Go through the lines below and repeat each one exactly, skipping pictures.
== Given data
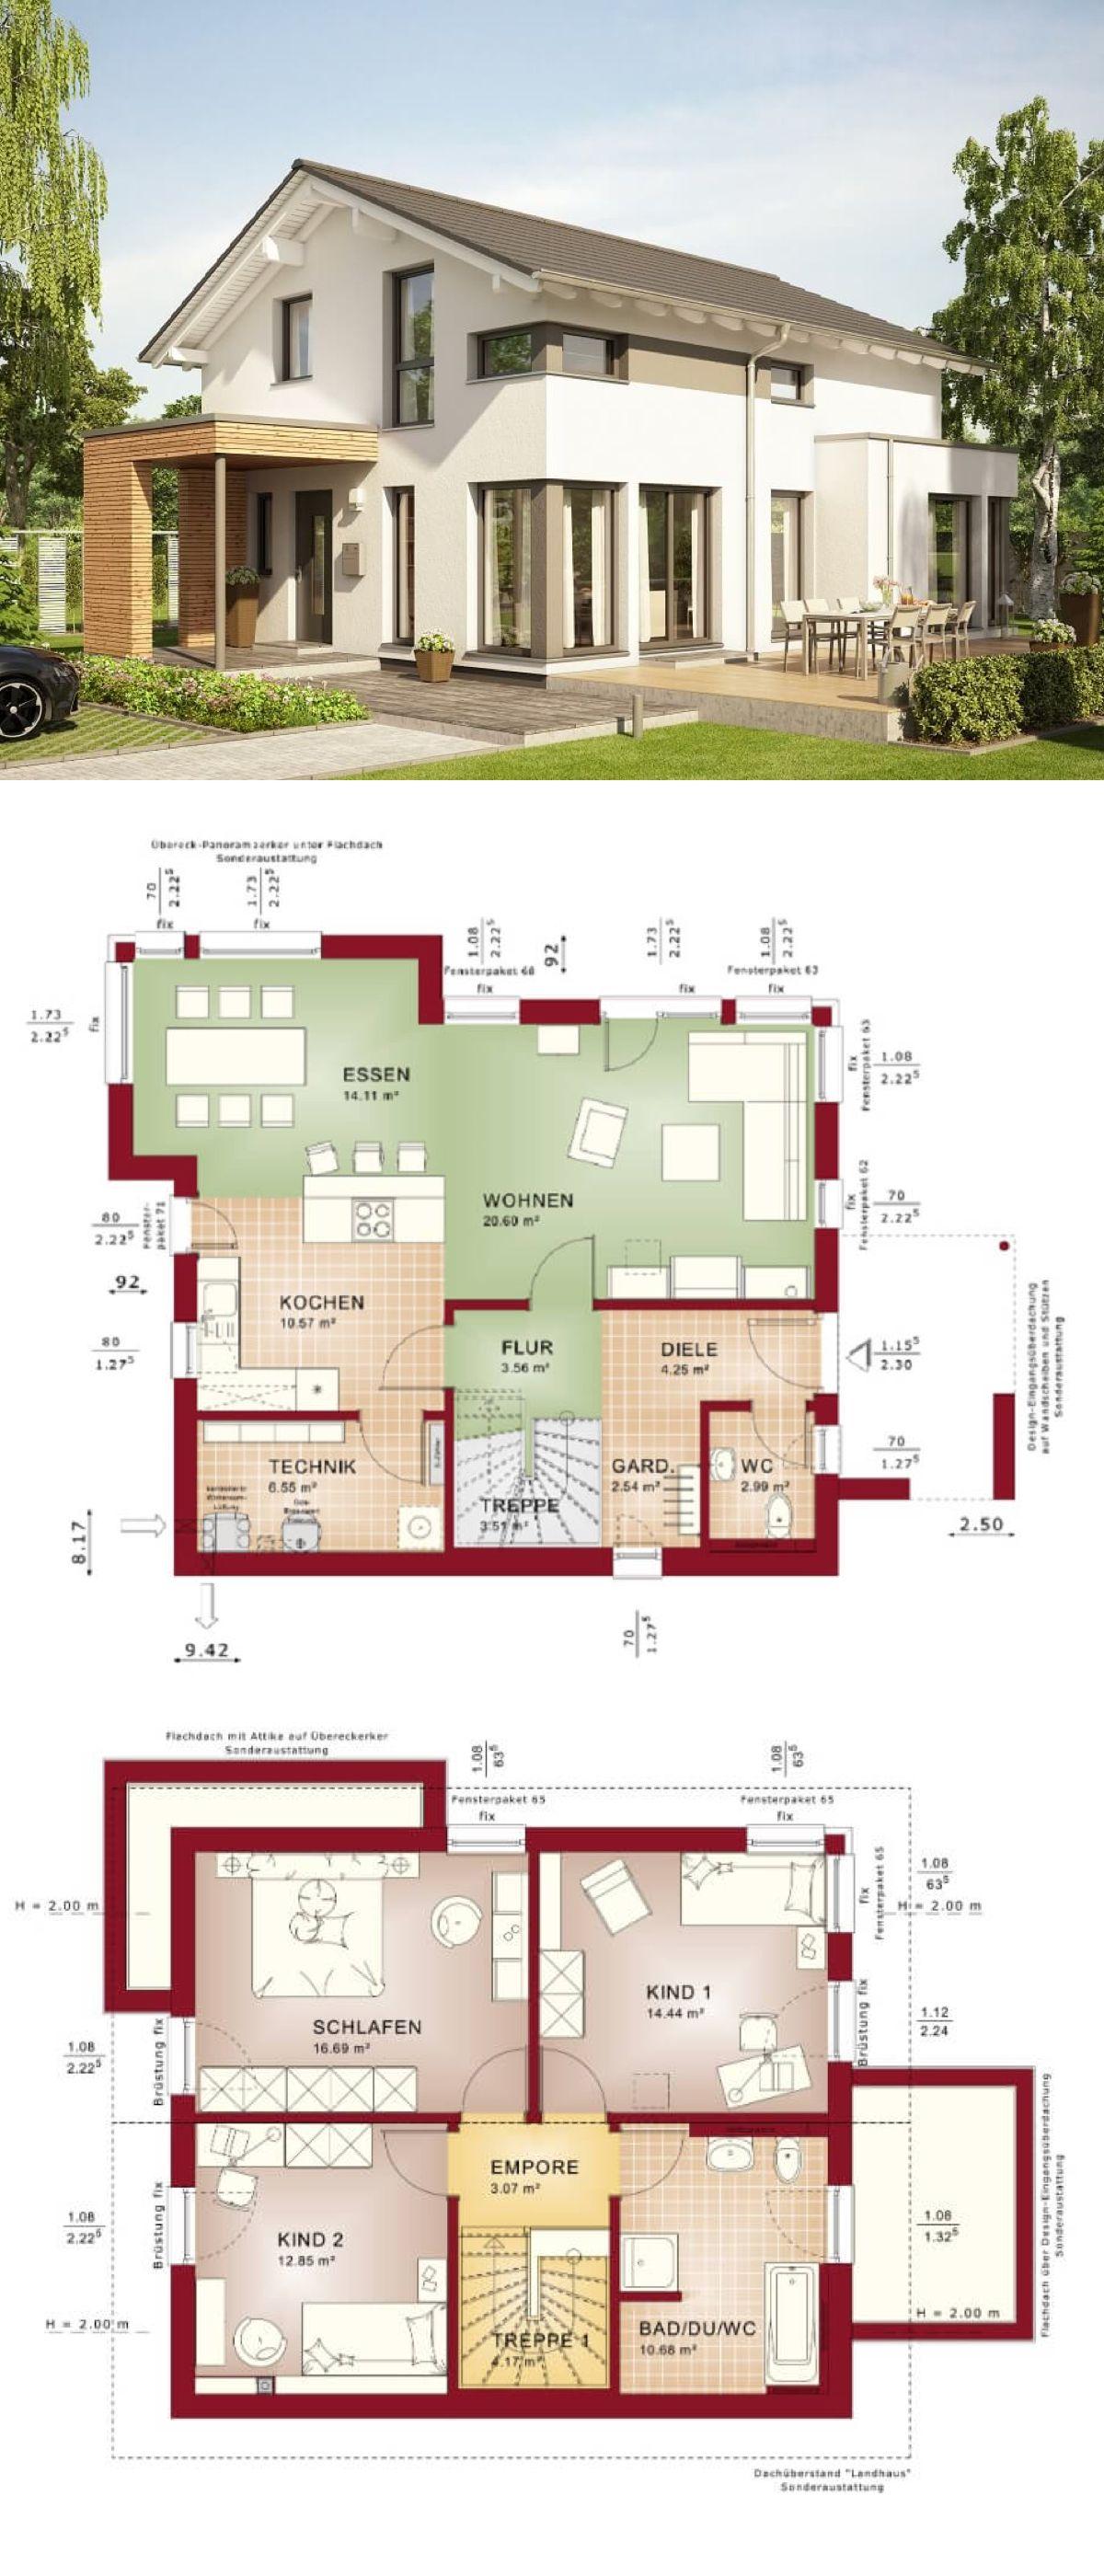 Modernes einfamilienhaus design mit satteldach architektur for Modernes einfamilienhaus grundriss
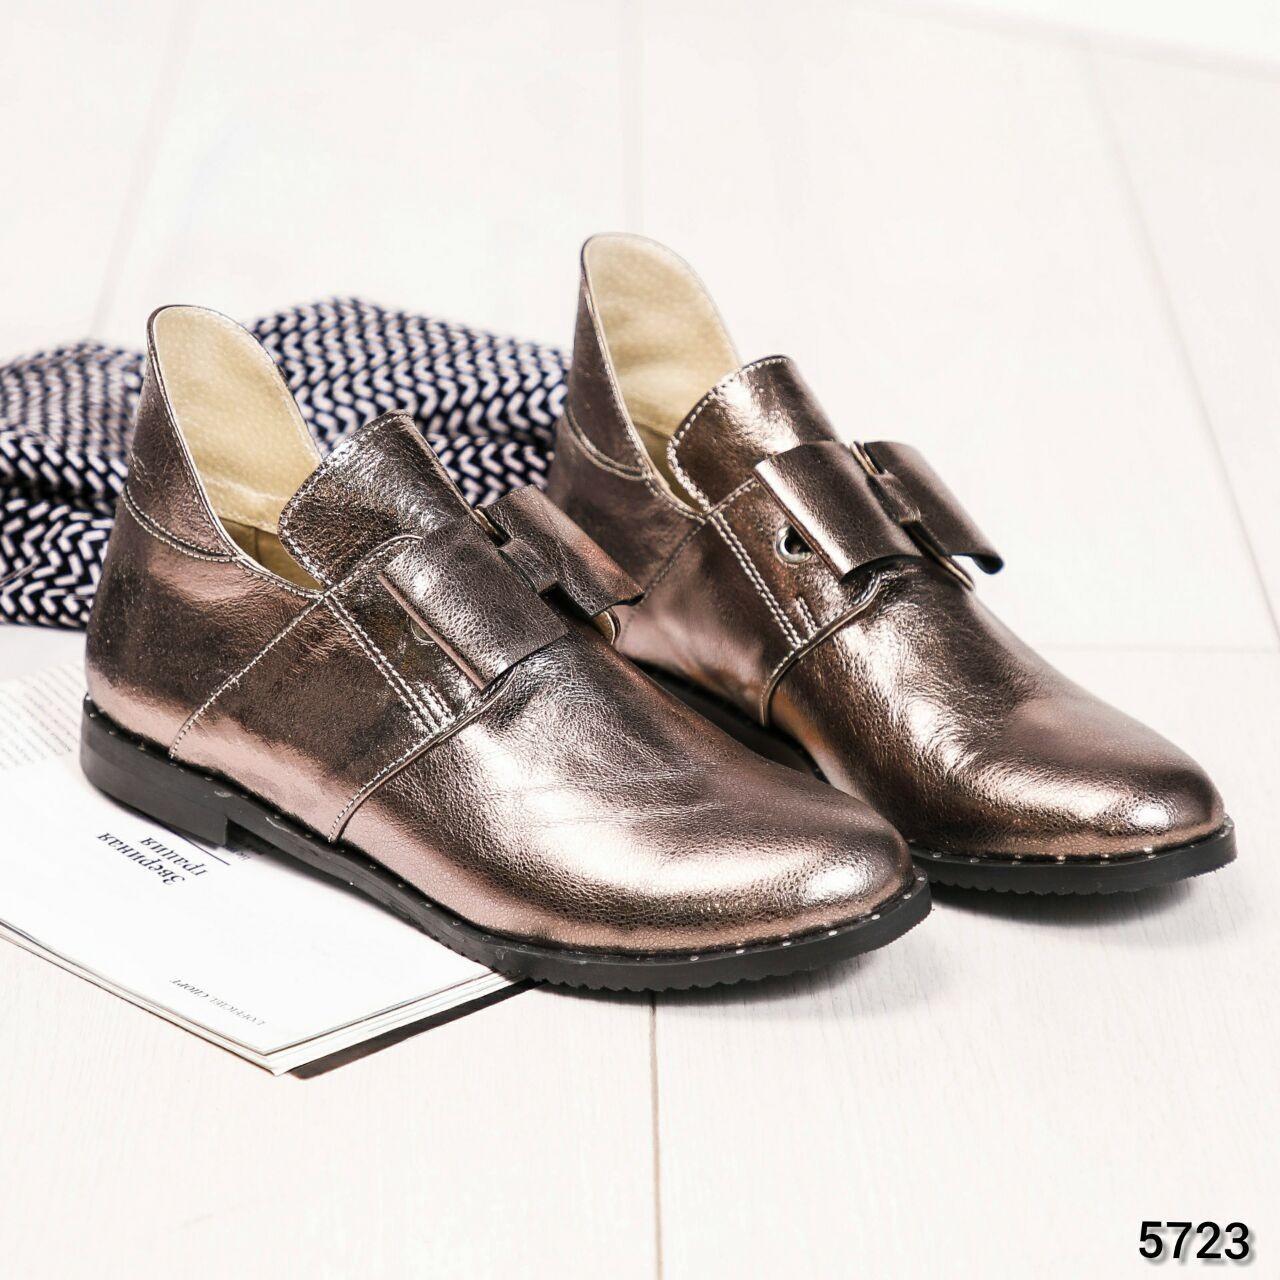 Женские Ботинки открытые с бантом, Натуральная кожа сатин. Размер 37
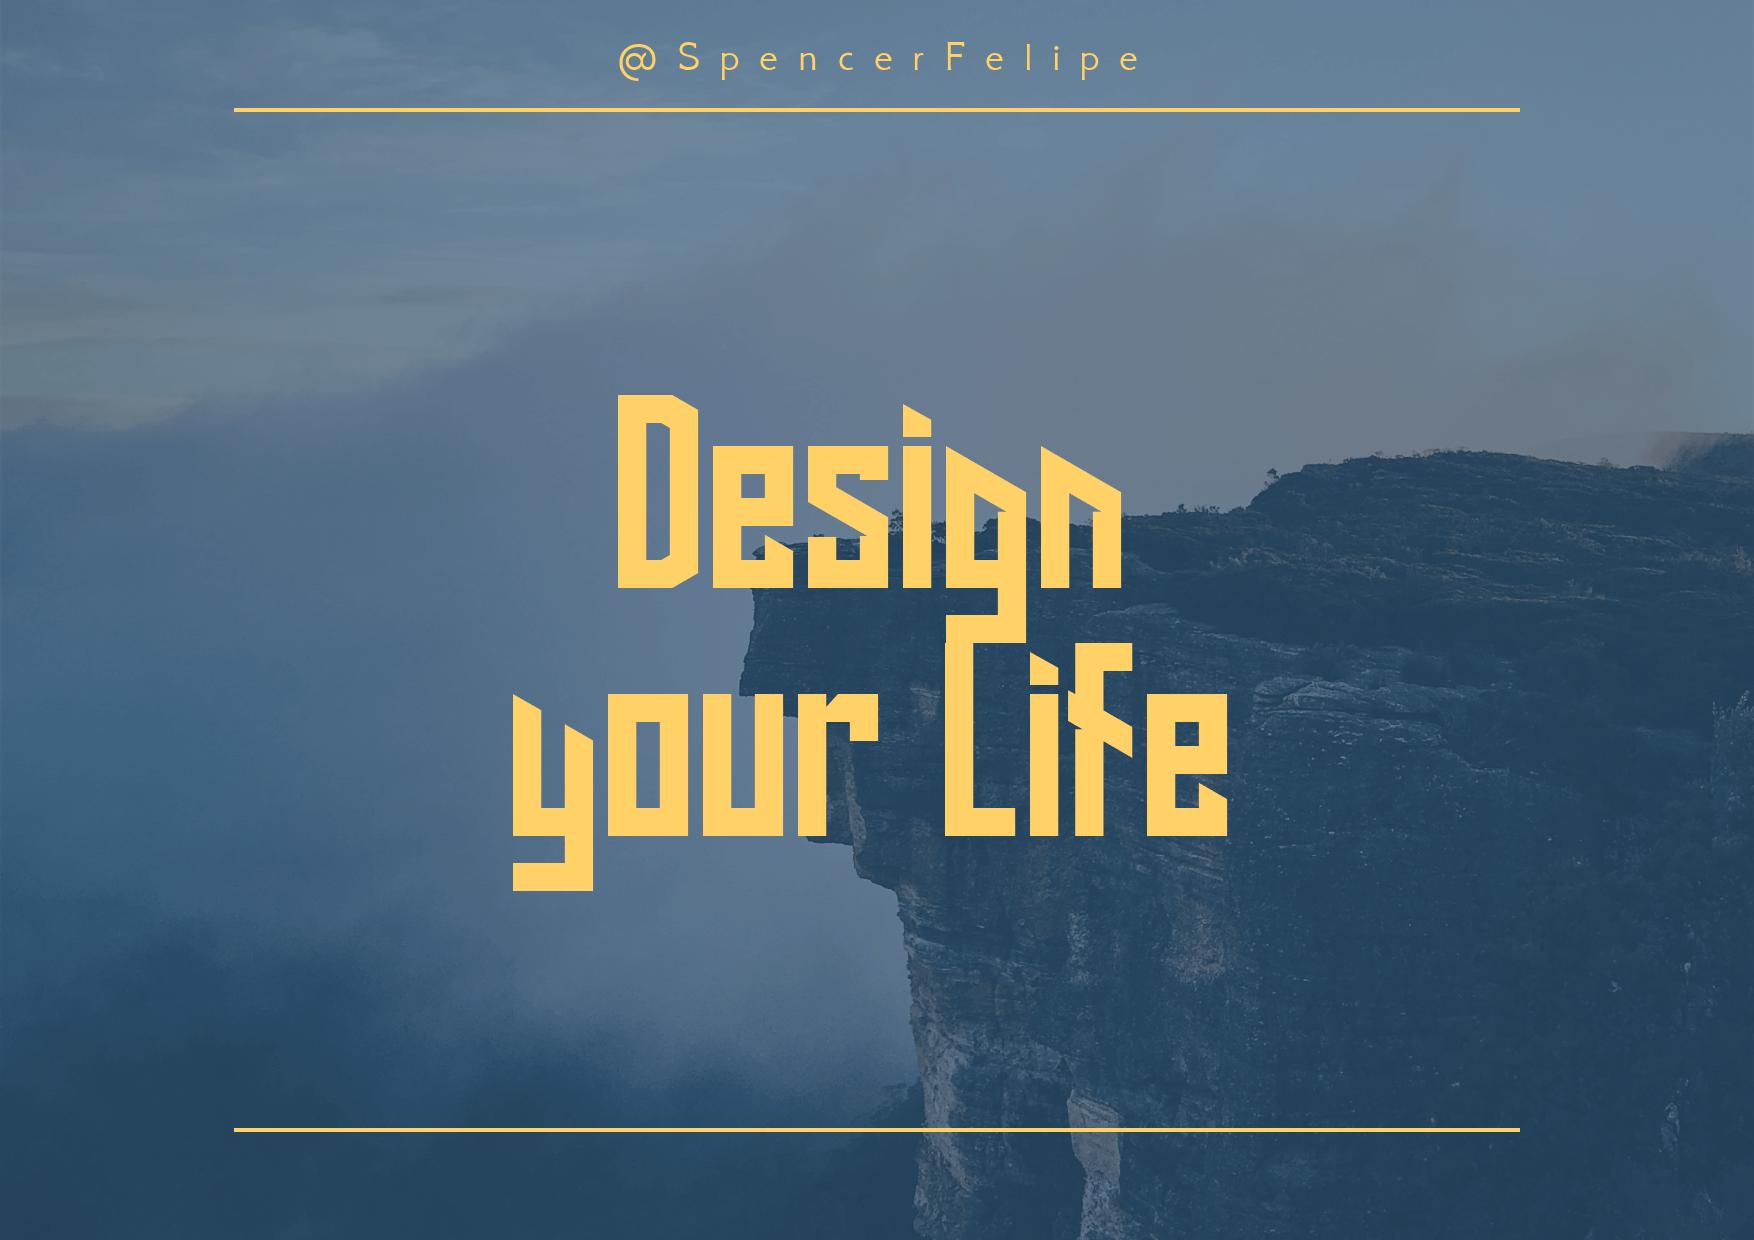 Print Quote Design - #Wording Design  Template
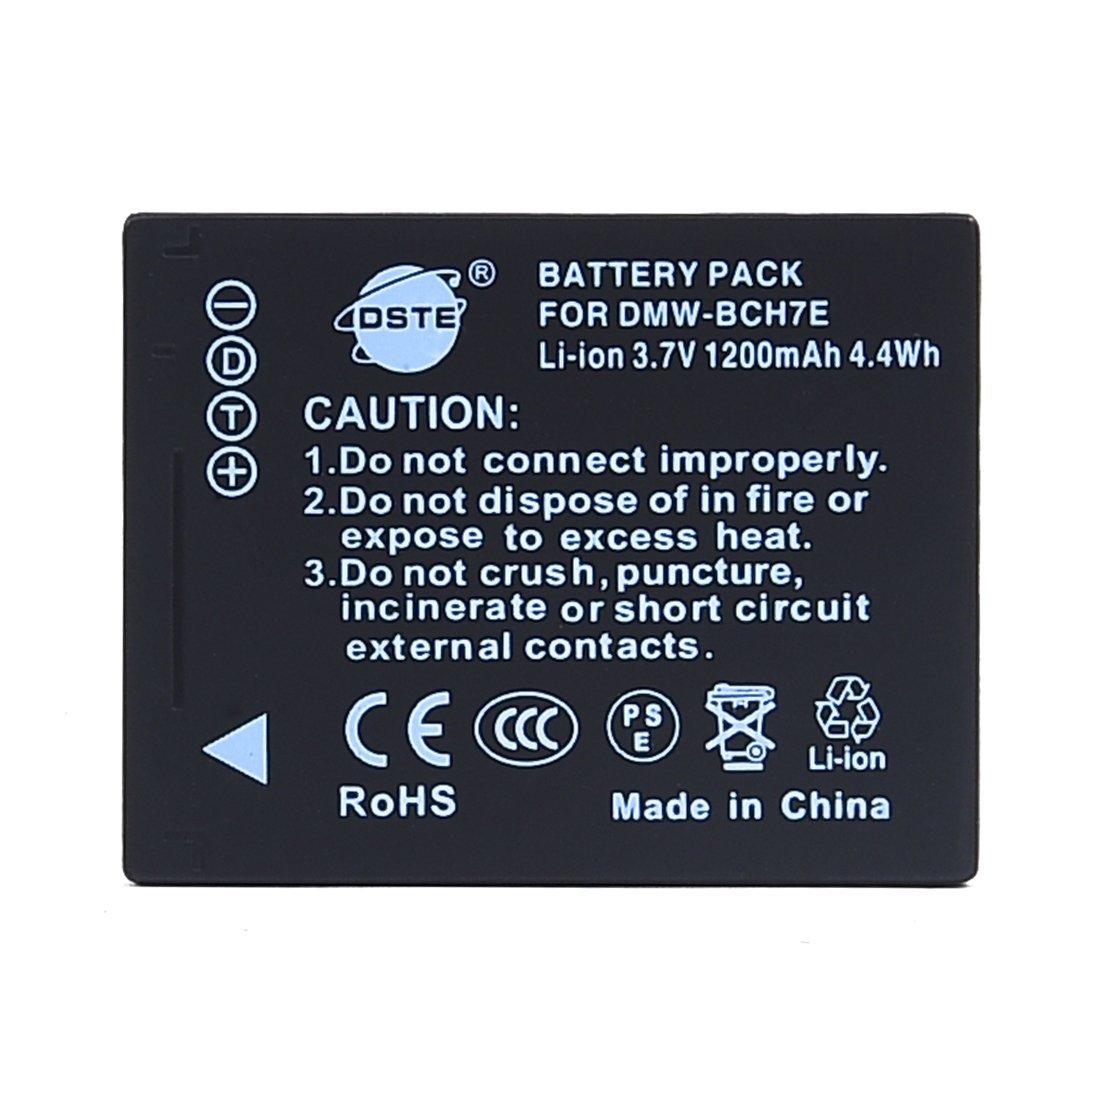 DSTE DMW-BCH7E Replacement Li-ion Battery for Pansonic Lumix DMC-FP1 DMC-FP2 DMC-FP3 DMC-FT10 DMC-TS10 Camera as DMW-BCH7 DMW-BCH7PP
====
> **Exercise output**:
 Modernes einfamilienhaus design mit satteldach architektur for Modernes einfamilienhaus grundriss
 Женские Ботинки открытые с бантом, Натуральная кожа сатин. Размер 37
 Print Quote Design - #Wording Design  Template
 DSTE DMW-BCH7E Replacement Li-ion Battery for Pansonic Lumix DMC-FP1 DMC-FP2 DMC-FP3 DMC-FT10 DMC-TS10 Camera as DMW-BCH7 DMW-BCH7PP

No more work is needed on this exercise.